A suicide bomber killed the mayor of Kandahar on Wednesday, compounding fears of a dangerous power vacuum in Afghanistan's south in the wake of the assassination of President Hamid Karzai's half-brother, Ahmad Wali Karzai.
Kandahar is the Taliban's birthplace and a focus of efforts by U.S. troops to turn the tide against the insurgency and bolster local government.
The assassinations threaten to undermine that goal. More than half of all targeted killings in Afghanistan between April and June were carried out in Kandahar, according to a U.N. report.
The police chief of Kandahar province, Khan Mohammad Khan, was killed by an attacker wearing a police uniform in mid-April, and the province's most senior cleric was killed by a suicide bomber at a memorial service for Karzai's brother.
Such killings, many claimed by the Taliban, have sent chilling warnings to political leaders about the reach of the militants, who have shown an ability to adapt their tactics even as NATO-led troops have squeezed them in their traditional rural strongholds around Kandahar.
"There are some who believe that this is all they can do ... given the challenges the Taliban have faced over the course of the last couple of seasons," Mullen said on what could be his last trip to Afghanistan before stepping down as Pentagon chief at the end of September.
U.S. DRAWDOWN UNDERWAY
The increase in violence comes as the United States starts drawing down its forces in Afghanistan, with some 10,000 U.S. troops due to pull out by the end of the year. Another 23,000 will come home by the end of next summer, according to plans announced by U.S. President Barack Obama next month.
Mullen noted that even after those withdrawals, there will still be 68,000 U.S. forces in Afghanistan and a growing number of Afghan security forces to help offset the U.S. drawdown.

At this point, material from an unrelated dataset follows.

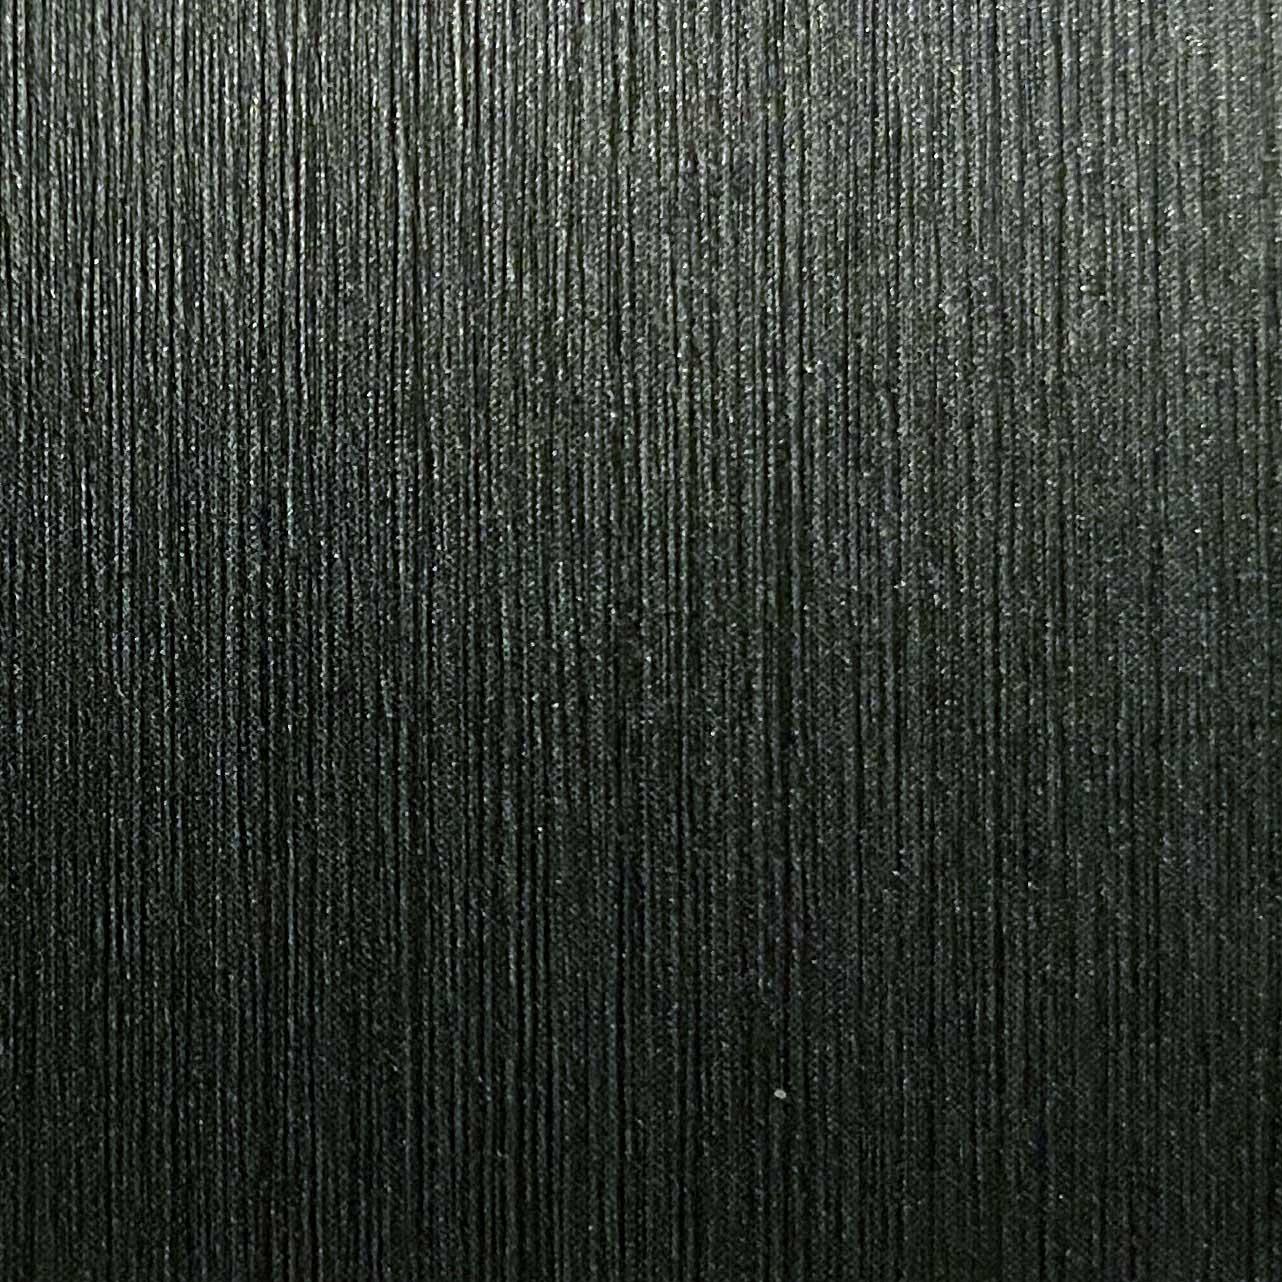 NE49 Soft Brushed Dark Silver

Afghans are set to take lead security responsibility by the end of 2014, with foreign troops expected to stay on to provide training and support, but no longer in combat roles.

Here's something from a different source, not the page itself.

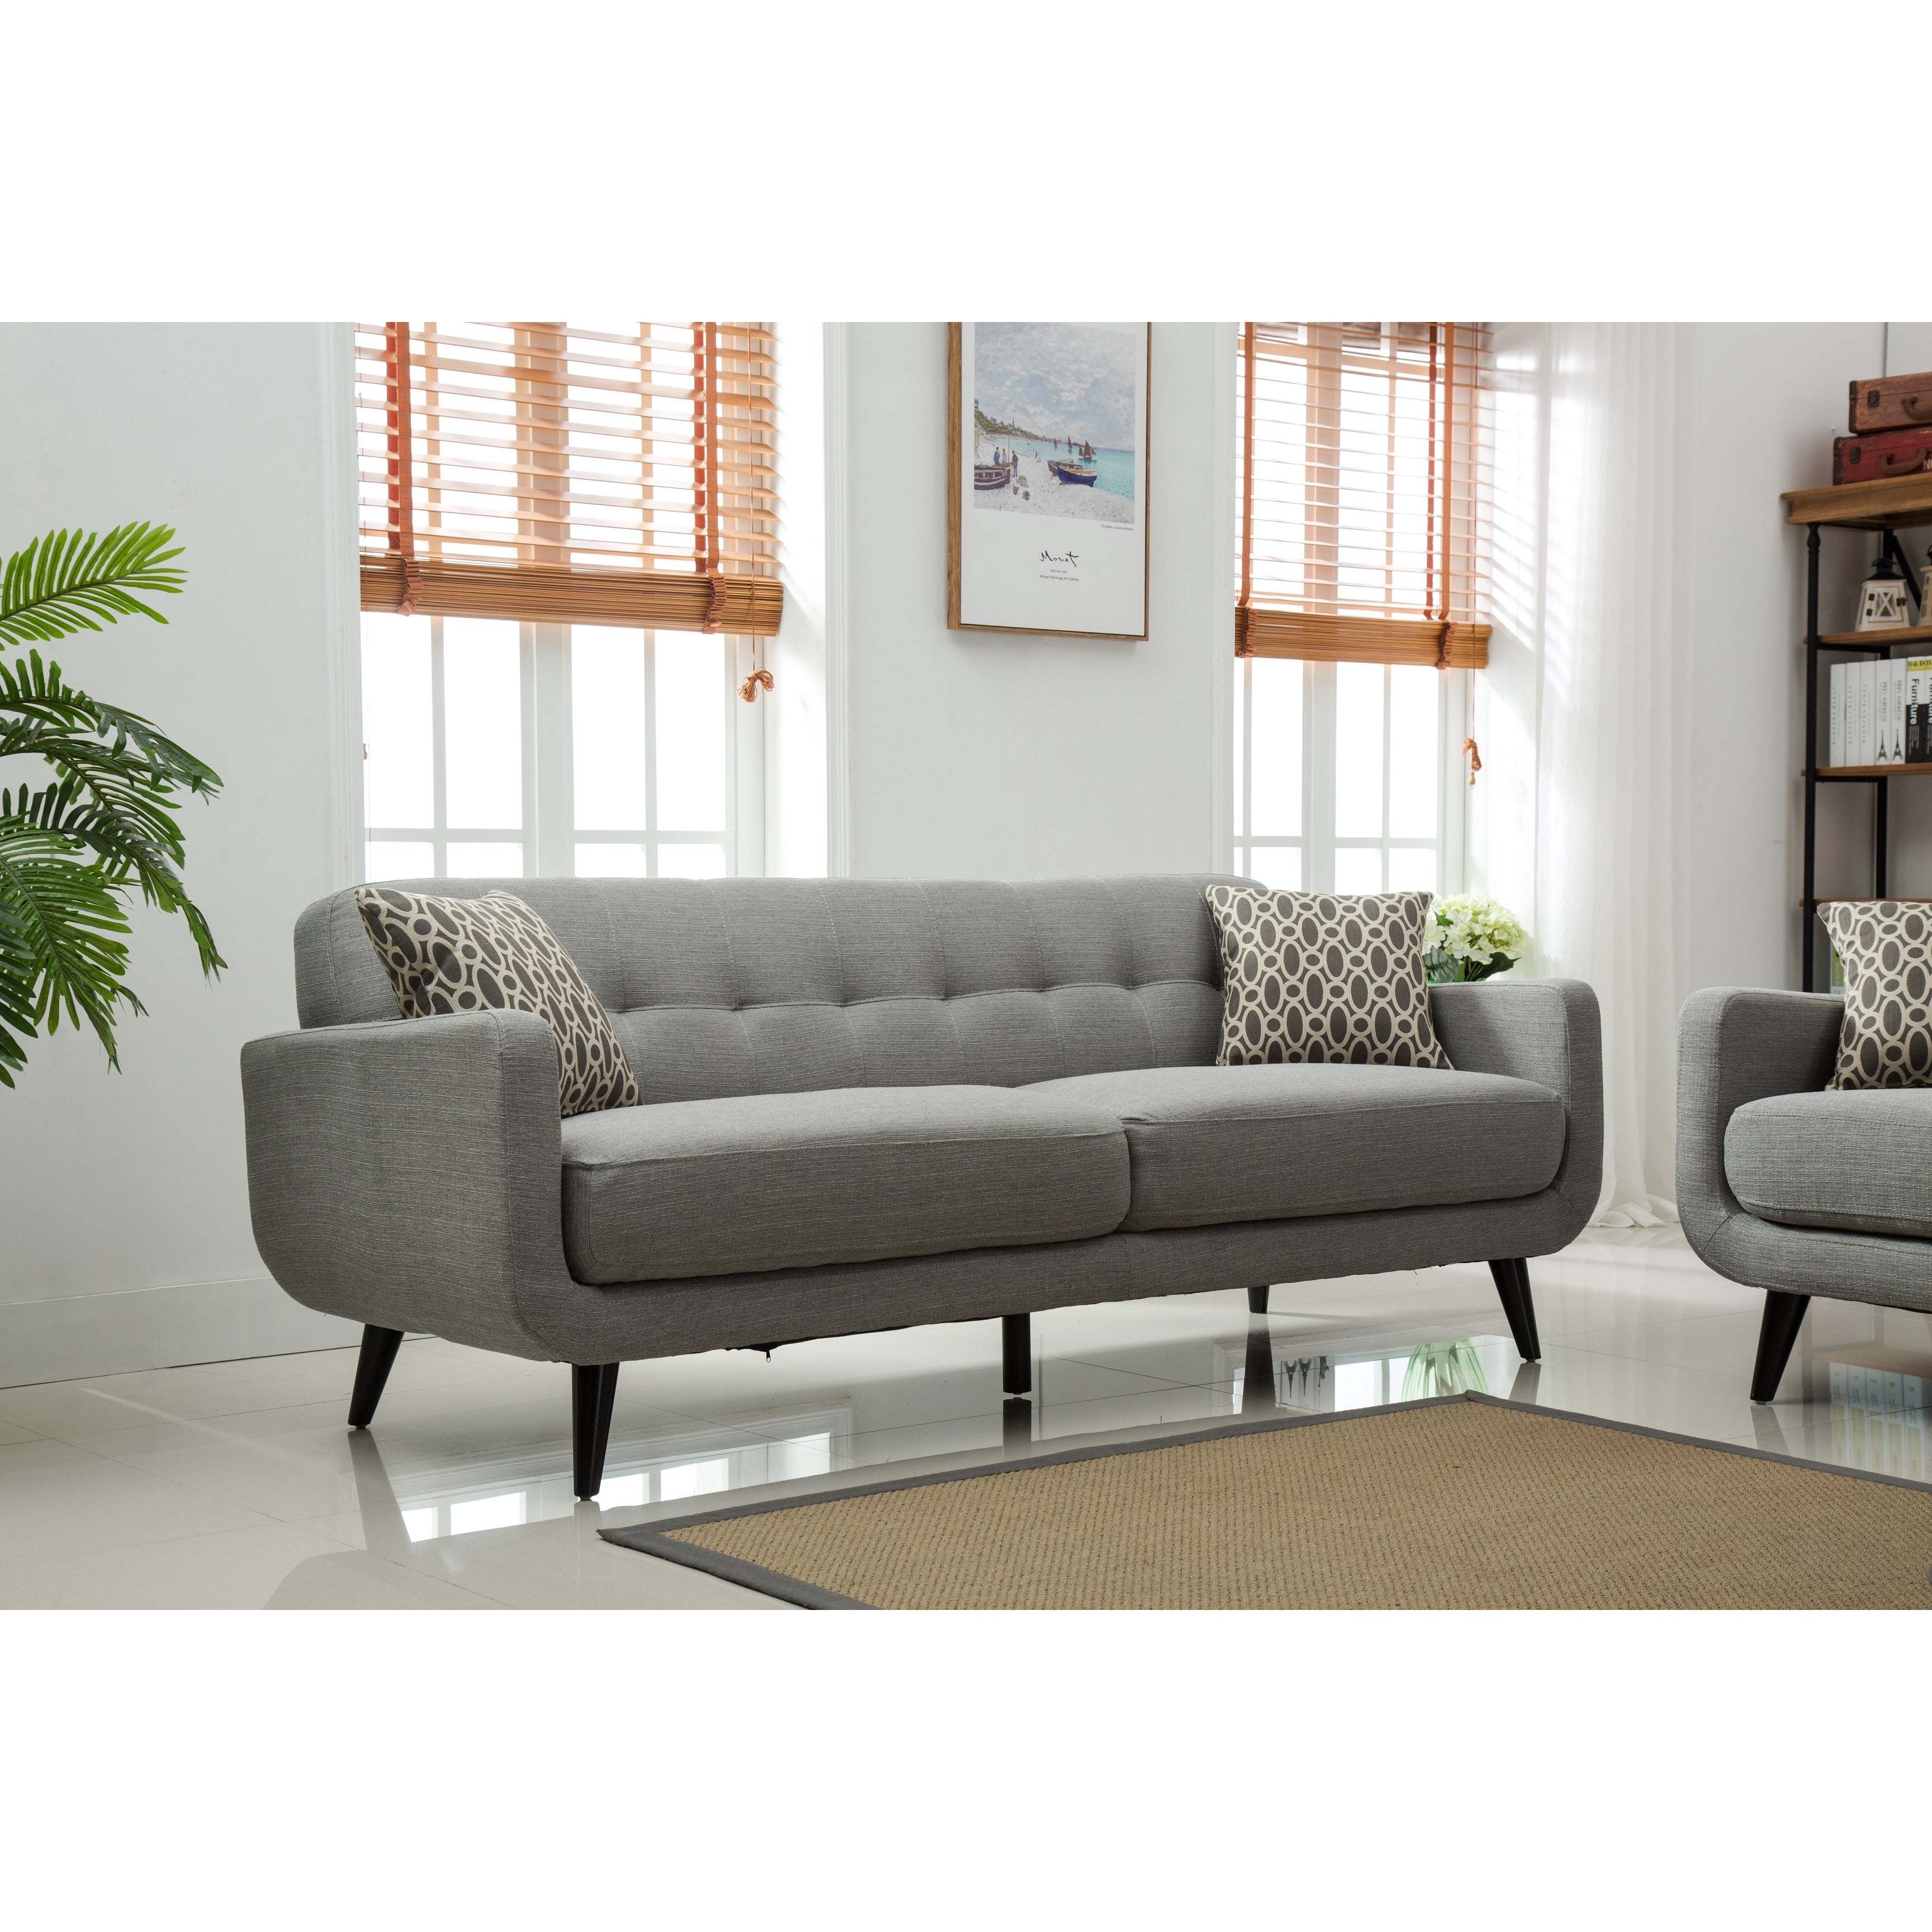 Modibella Contemporary Tufted 2-Piece Sofa and Loveseat Set - Free ...

"I'm confident we will have the forces there necessary to reassure the Afghan people," Mullen said.
Suicide attackers killed at least 19 people, 12 of them children, when they targeted government buildings in Uruzgan province on Thursday, the deadliest assault in the south in nearly six months.
Last month, Taliban gunmen and suicide bombers attacked a leading hotel in the capital in a raid which killed 12 people.
Asked how he would reassure Afghans that the Taliban were not gaining the momentum in the nearly decade-old war, Mullen pointed to the "many, many successes we've enjoyed versus the Taliban over the course of the past year, reassure them that continues to be the case."
"And at the same time recognize that this is not completely surprising," he said.